Тарелка и чашка Елизаветы Ивановны вскоре опустели и половой мелькнул возле их стола, забрав их. Несмотря на это, девушка продолжала сидеть и наблюдать за завтраком своего собеседника. Григорий внезапно почувствовал себя мальчишкой, на которого пристально смотрел недовольный отец, искавший, за что бы ещё пожурить явно неудавшееся чадо.
— Сегодня я уезжаю отсюда, — вдруг сказала Елизавета. — Мне предложили хорошую квартиру. В доме напротив моего тоже есть, правда, она мне не понравилась. Если в родном доме вас не примут, зайдите, спросите, может, там вам повезет.
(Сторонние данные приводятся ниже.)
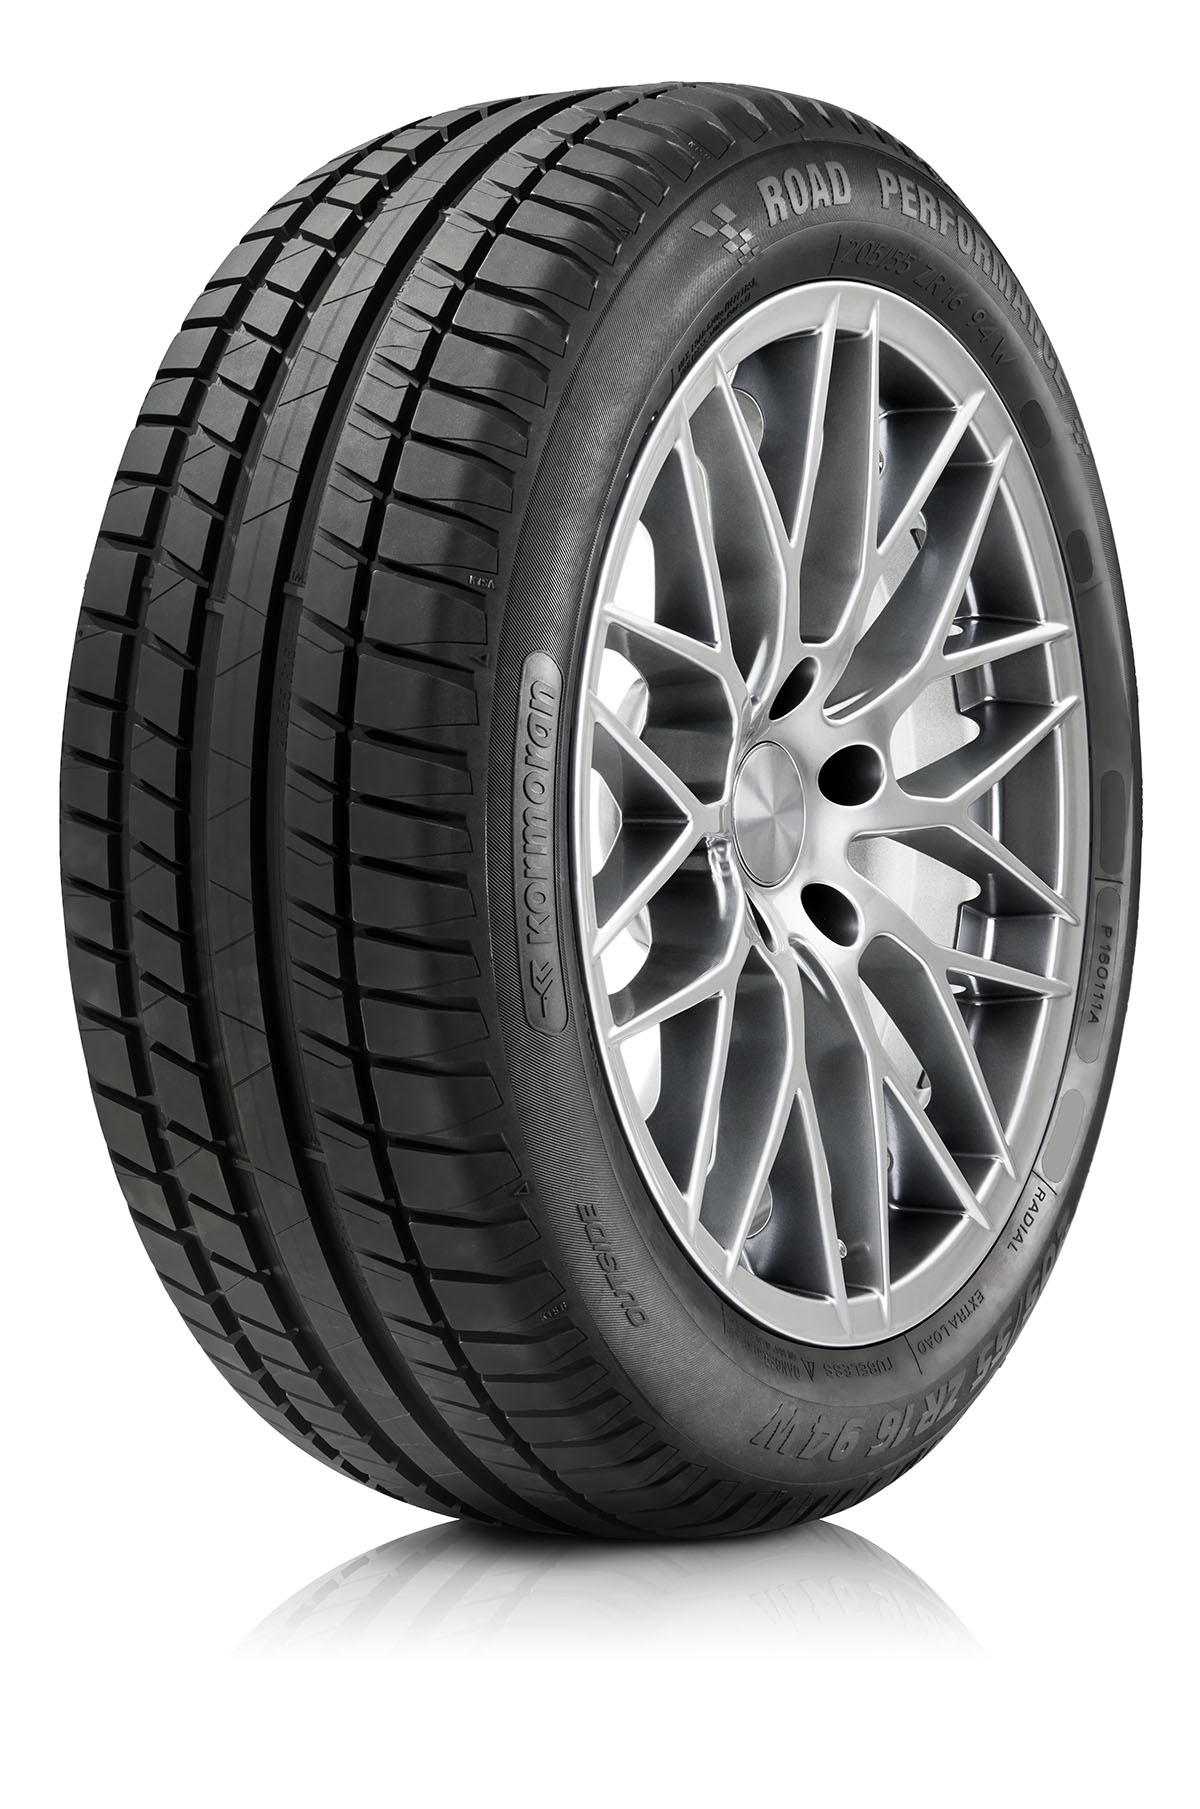 kormoran-road-performance-165-65r1581h

Только тогда удивленный Григорий увидел, что в руке Кернер появился остро наточенный огрызок карандаша. На широкой салфетке она написала адрес и положила перед тарелкой Червинского.
— Viel Glück für Sie! — с улыбкой проговорила она и, встав из-за стола, поспешила скрыться в дверях, оставляя за собой шлейф свежих, словно ландыши в утренней росе, духов.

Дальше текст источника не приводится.